I'm not sure why this happens, but it's something to do with the TrueSkill algorithm seemingly not handling ties correctly. Take this simple example:

from trueskill import Rating, global_env
e = global_env()
e.rate([(Rating(),),(Rating(),),(Rating(),)], [1,2,2])

This is simulating 3 brand-new entrants with 1 finisher and 2 forfets (joint forfeits are considered ties). The result is:

[(trueskill.Rating(mu=30.109, sigma=6.735),),
 (trueskill.Rating(mu=22.443, sigma=5.972),),
 (trueskill.Rating(mu=22.448, sigma=5.974),)]

As you can see the score for the two entrants who tied is slightly different. This difference is quite small and typically vanishes over time, so eventually it doesn't matter though it's puzzling to me why it exists in the first place.

We also noticed that in a different race for Pokemon Heartgold/Soulsilver, participant topheeee did not complete the race, but ended with a positive score change.

DNF can sometimes lead to a positive rating change due to a change in a user's confidence value. Behind the scenes, a user's rating depends on two values - their raw score (mu) and the confidence (sigma, P > 0.95) that this score reflects their actual ability. A user with few races under their belt will have a higher confidence value (meaning the raw score is less accurate) than a user who's done a lot of races.

The front-facing rating is caluclated as [ 100 x ( score - ( 2 x confidence ) ) ] (square brackets indicate rounding).
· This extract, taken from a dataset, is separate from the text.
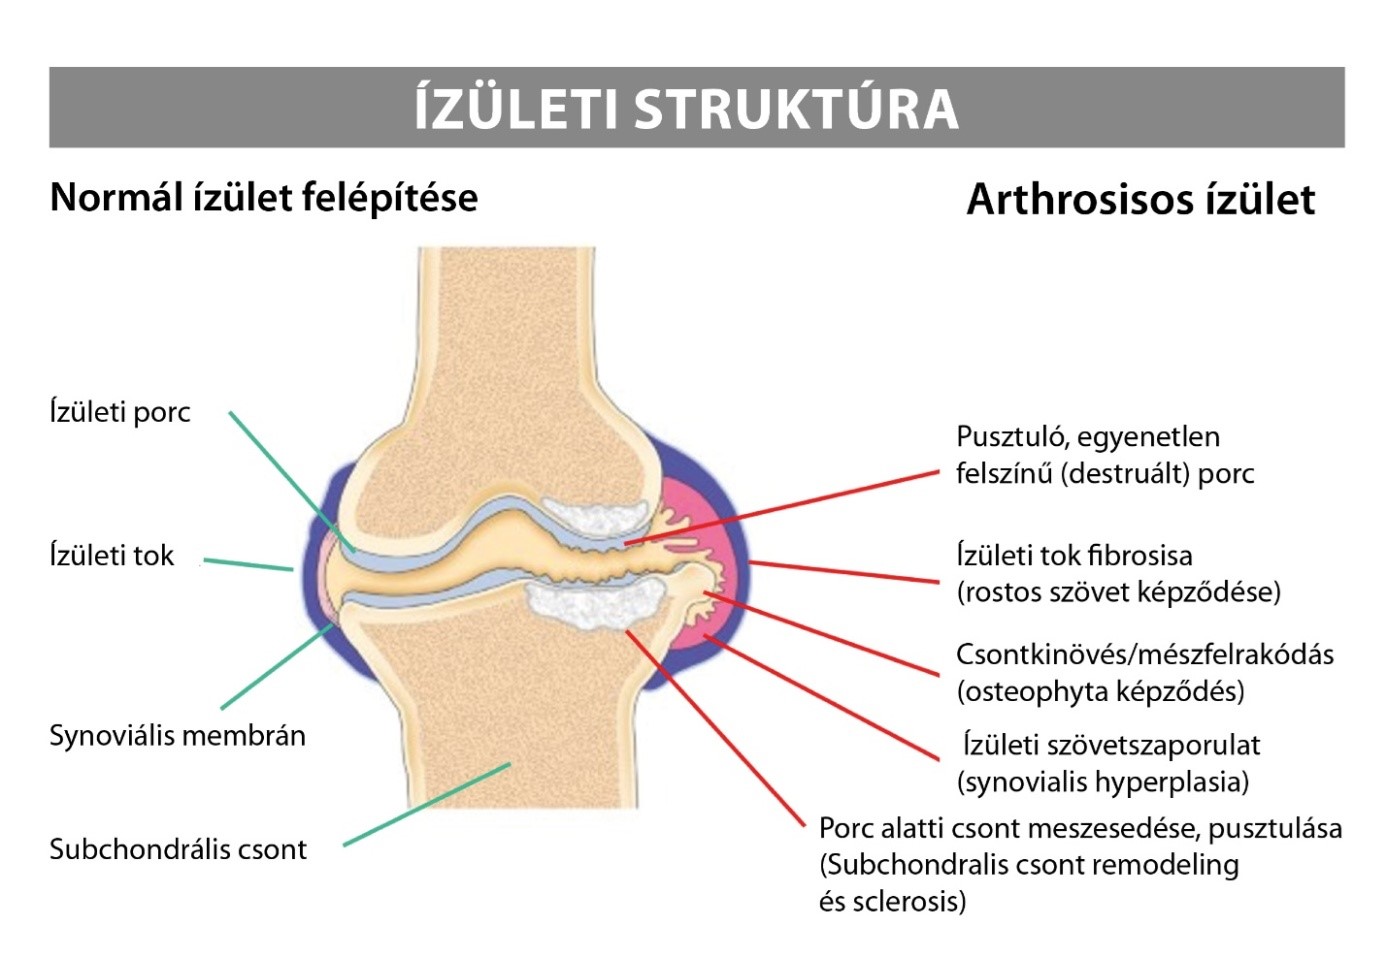 mi az artrózis és hogyan kell kezelni

Thus if a user DNFs, their score will go down, but because their confidence value also decreases (because more races means more certainty about the raw score), their final rating may go up slightly. This isn't a bug, but just a consequence of the probability formulae being used behind the scenes. 🙂

zoeyprobably commented 3 years ago

Is there a reason why you guys don't utilize trueskill's weight parameter for ratings on forfeits, instead of considering them all a tie for last place?

zoeyprobably commented 3 years ago

Also, how did you come up with your [ 100 x ( score - ( 2 x confidence ) ) ] formula?

deains commented 3 years ago

Is there a reason why you guys don't utilize trueskill's weight parameter for ratings on forfeits, instead of considering them all a tie for last place?

Mainly 'cos I threw this together in a single afternoon. Also, I think lowering the weight of a forfeit would in fact reduce the score impact? Which seems like a bad fit.

Also, how did you come up with your [ 100 x ( score - ( 2 x confidence ) ) ] formula?

Because:

A real skill of player is between μ±2σ with 95% confidence.

Therefore (score - (2 x confidence)) is the minimum possible score that fits within the 95% confidence interval. It is (hopefully) a sensible lower bound for the user's actual skill. Previously we only took the raw score and ignored the confidence value, but this leads to outliers shooting to the the top of the leaderboard based on a single win.